Economics Time Value Of Money Questions Long
Perpetuity due payment refers to a series of equal cash flows that occur at the end of each period indefinitely. In other words, it is a stream of payments that continues forever. The concept of perpetuity due payment is commonly used in finance and economics to calculate the present value or future value of an infinite cash flow stream.
To understand the application of perpetuity due payment in time value of money calculations, it is important to first grasp the concept of time value of money. Time value of money is the idea that a dollar received today is worth more than a dollar received in the future due to the potential to earn interest or invest the money. Therefore, to compare cash flows occurring at different points in time, we need to consider the time value of money.
When dealing with perpetuity due payment, the time value of money calculations involve determining the present value or future value of the infinite cash flow stream. The present value of a perpetuity due payment is the value of all the future cash flows discounted to their present value. The future value of a perpetuity due payment is the sum of all the future cash flows compounded to a specific future point in time.

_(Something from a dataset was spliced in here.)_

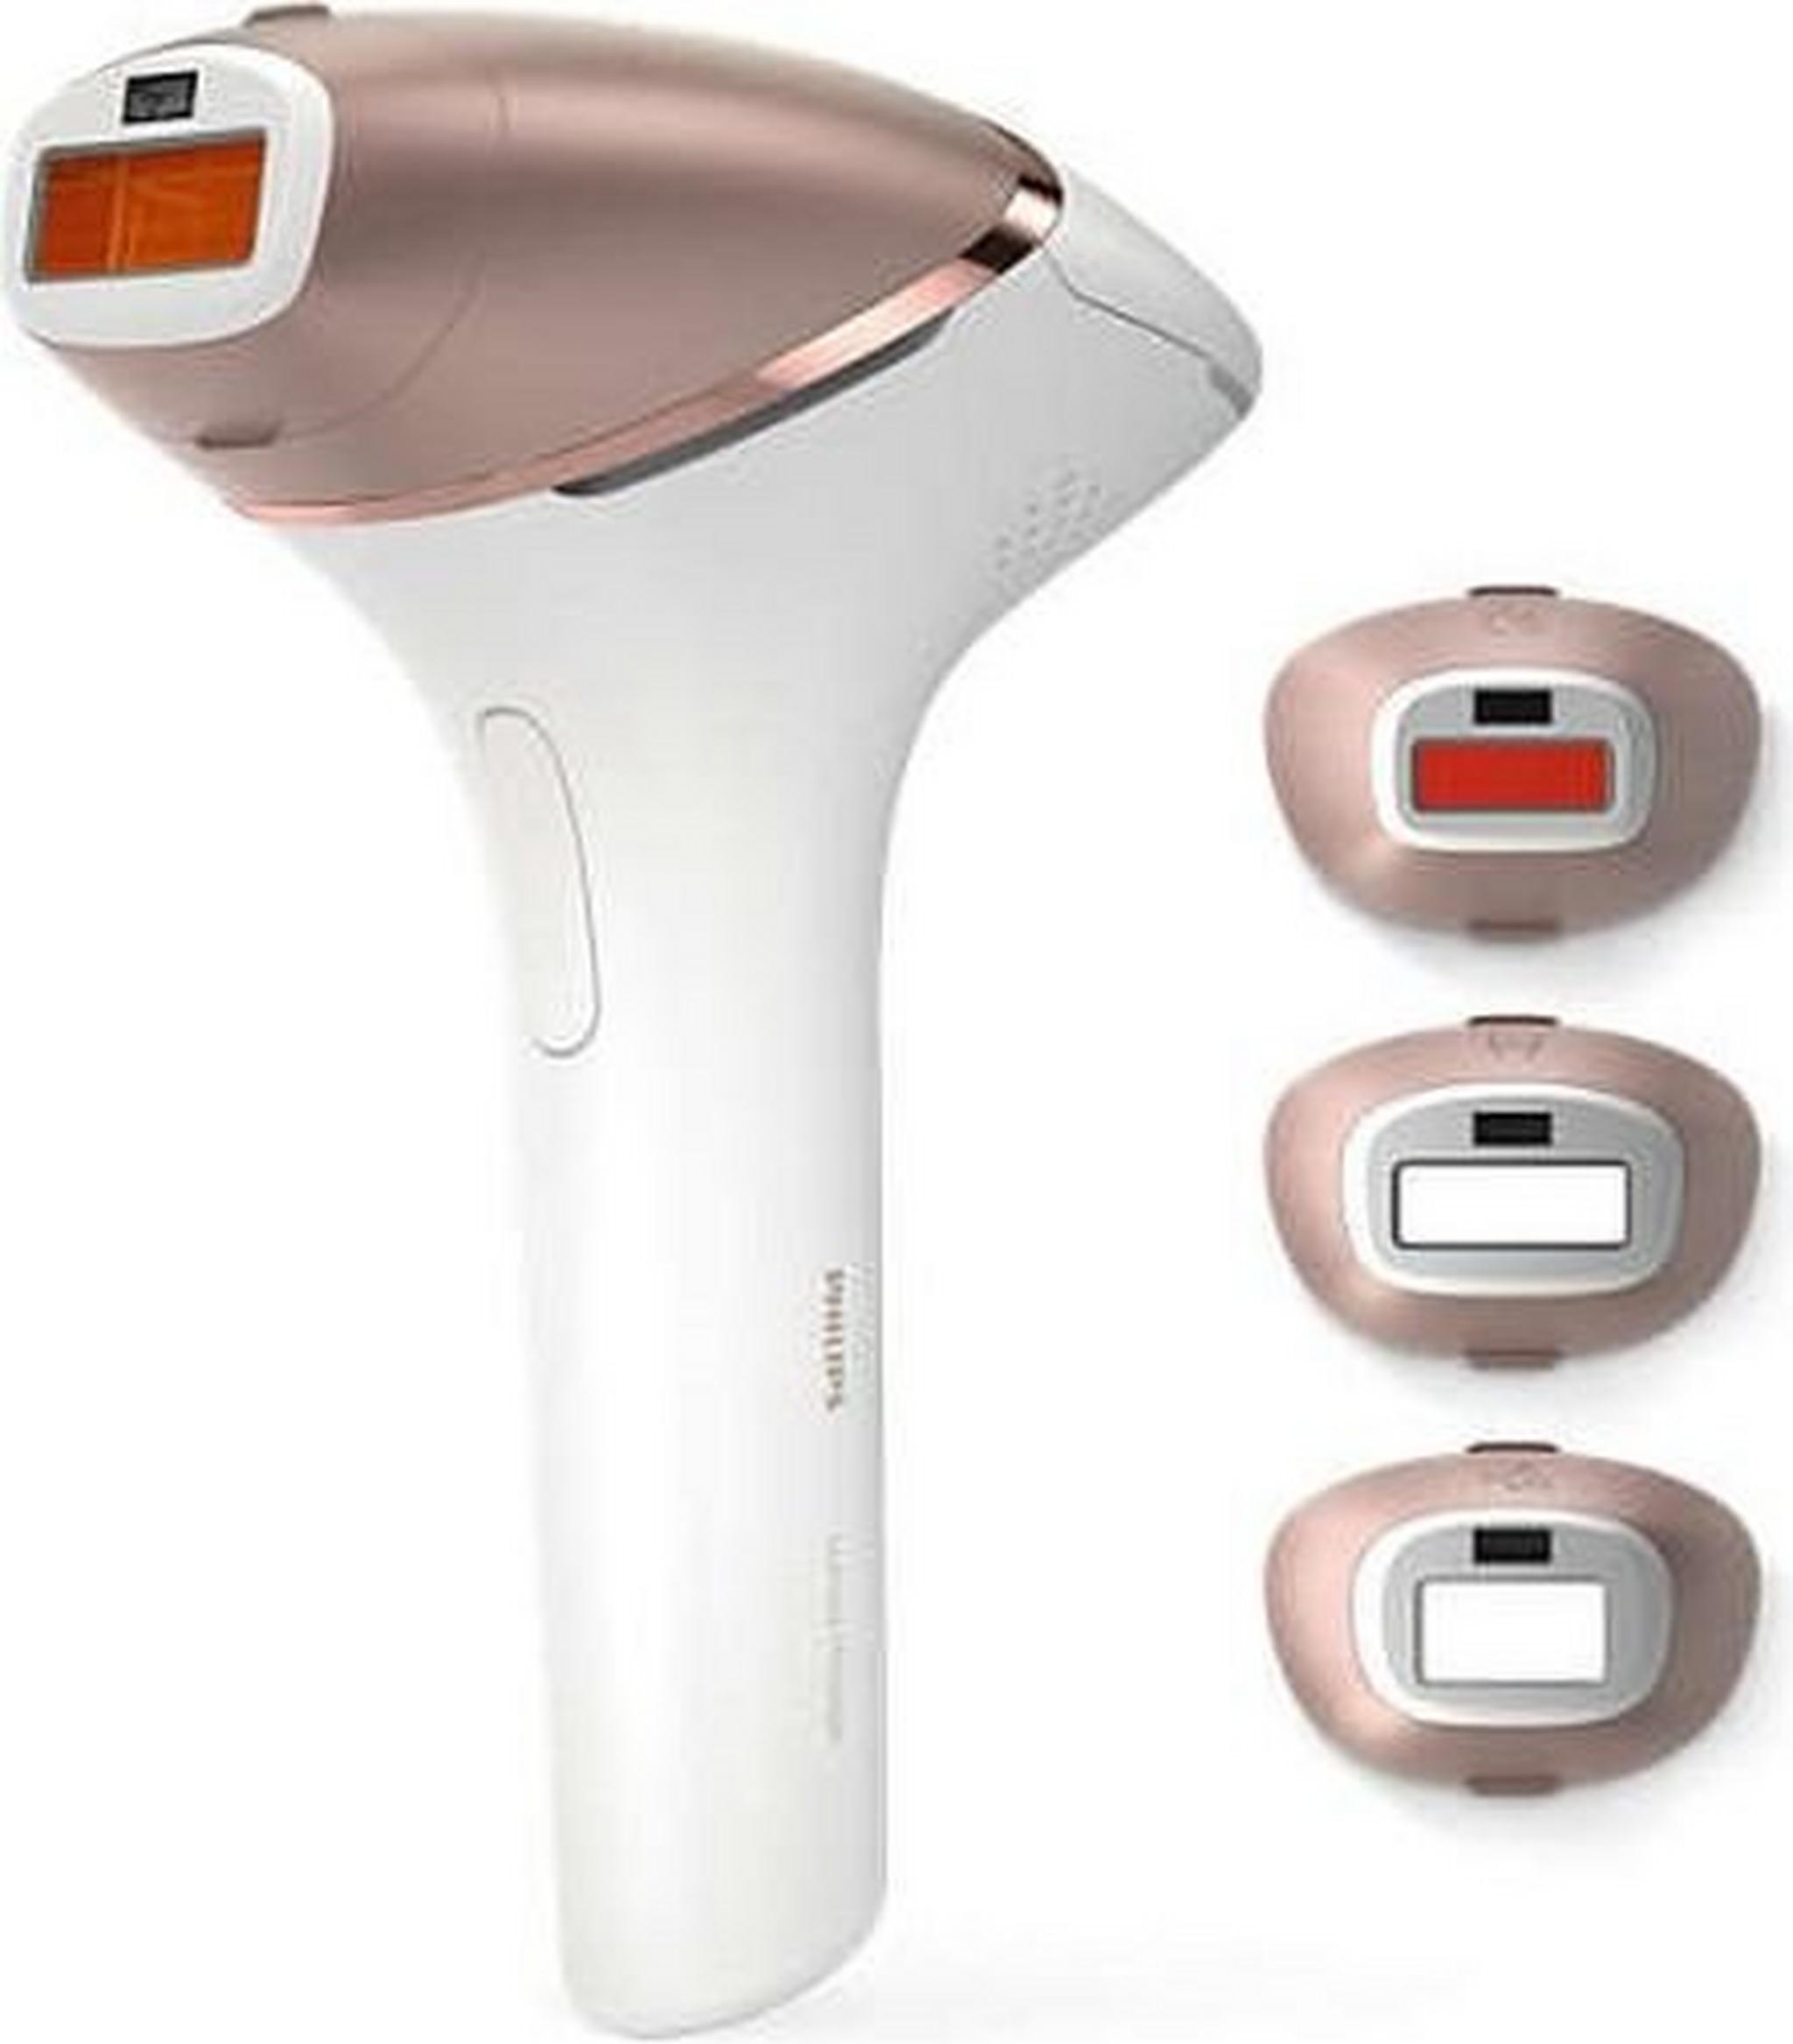 فيليبس لوميا برستيج الماكينة اللاسلكية لإزالة الشعر بتقنية الضوء النبضي المكثف - ٤ ملحقات (BRI956/60)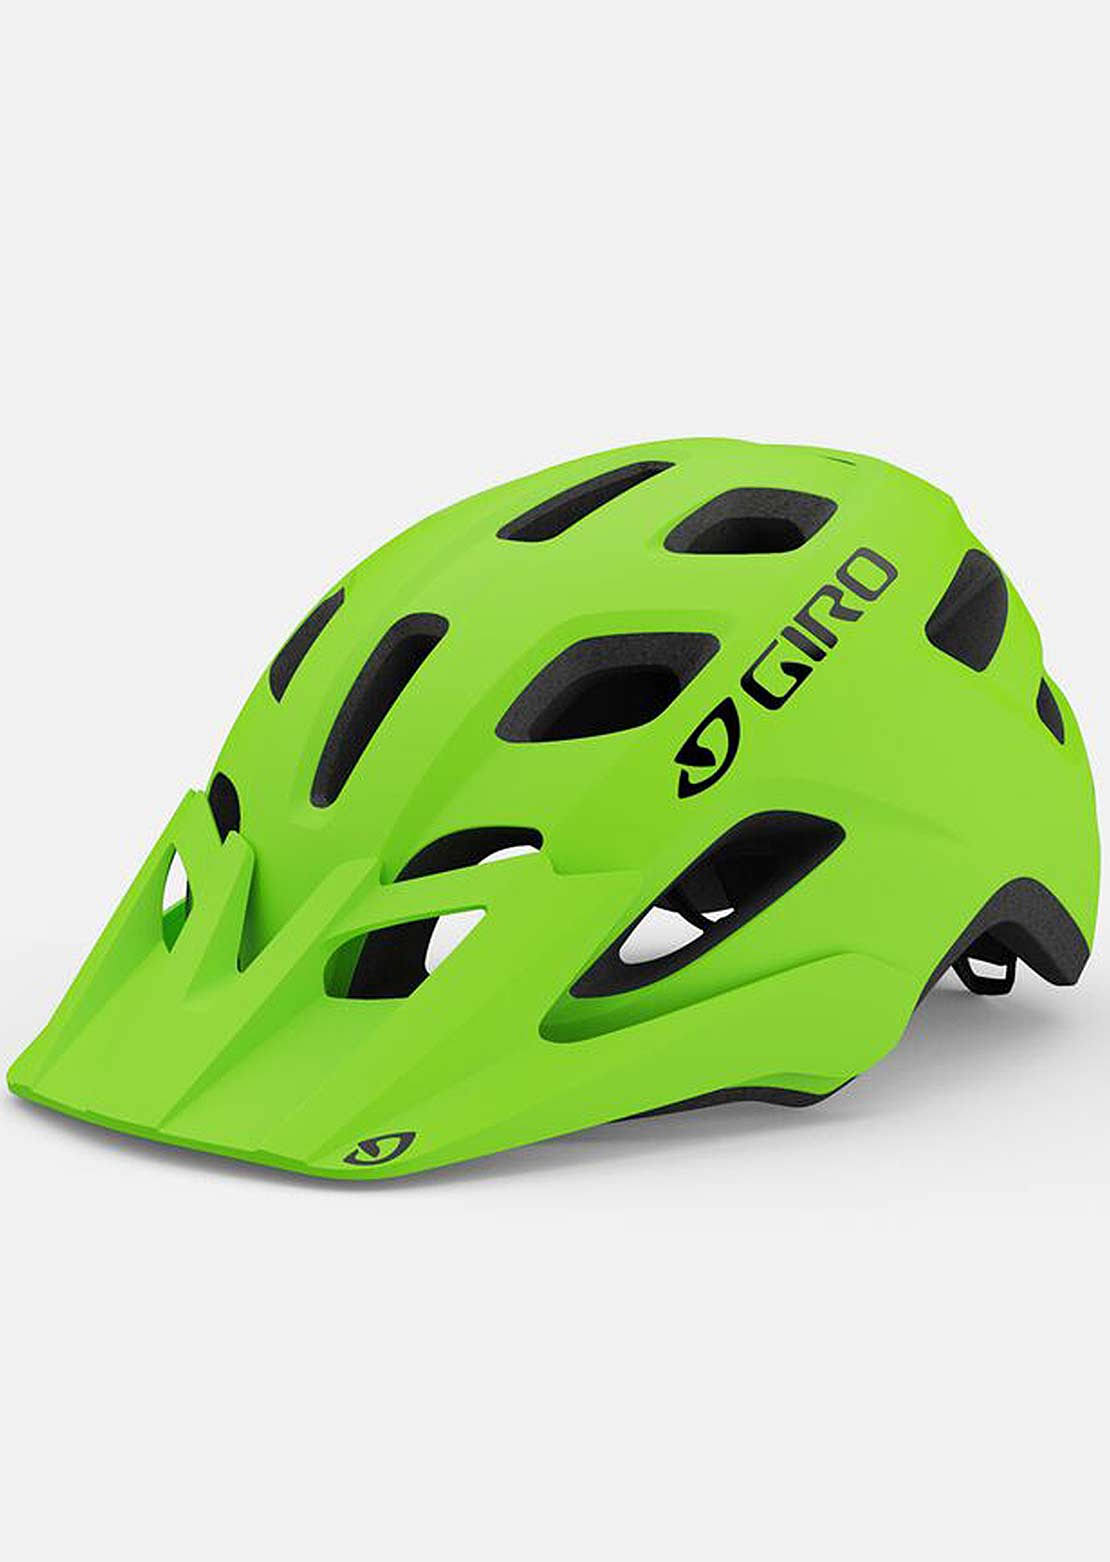 Giro Men's Fixture MIPS Mountain Bike Helmet

To calculate the present value of a perpetuity due payment, we use the formula:
PV = C / r
Where PV is the present value, C is the cash flow received at the end of each period, and r is the discount rate or interest rate. The discount rate represents the opportunity cost of investing the money elsewhere.
For example, if you are expecting to receive $1,000 at the end of each year indefinitely, and the discount rate is 5%, the present value of this perpetuity due payment would be:
PV = $1,000 / 0.05 = $20,000
This means that the present value of the infinite stream of $1,000 payments is $20,000.
Similarly, to calculate the future value of a perpetuity due payment, we use the formula:
FV = C / (r - g)
Where FV is the future value, C is the cash flow received at the end of each period, r is the discount rate, and g is the growth rate of the cash flows. The growth rate represents the rate at which the cash flows are expected to increase over time.
For instance, if the cash flows are expected to grow at a rate of 3% per year, and the discount rate is 5%, the future value of the perpetuity due payment would be:
FV = $1,000 / (0.05 - 0.03) = $50,000
This means that the future value of the infinite stream of $1,000 payments, growing at a rate of 3% per year, is $50,000.
In summary, perpetuity due payment is a concept that involves a series of equal cash flows occurring indefinitely. It is commonly used in time value of money calculations to determine the present value or future value of the infinite cash flow stream. By discounting the future cash flows to their present value or compounding them to a specific future point in time, we can assess the value of perpetuity due payments in terms of their current or future worth.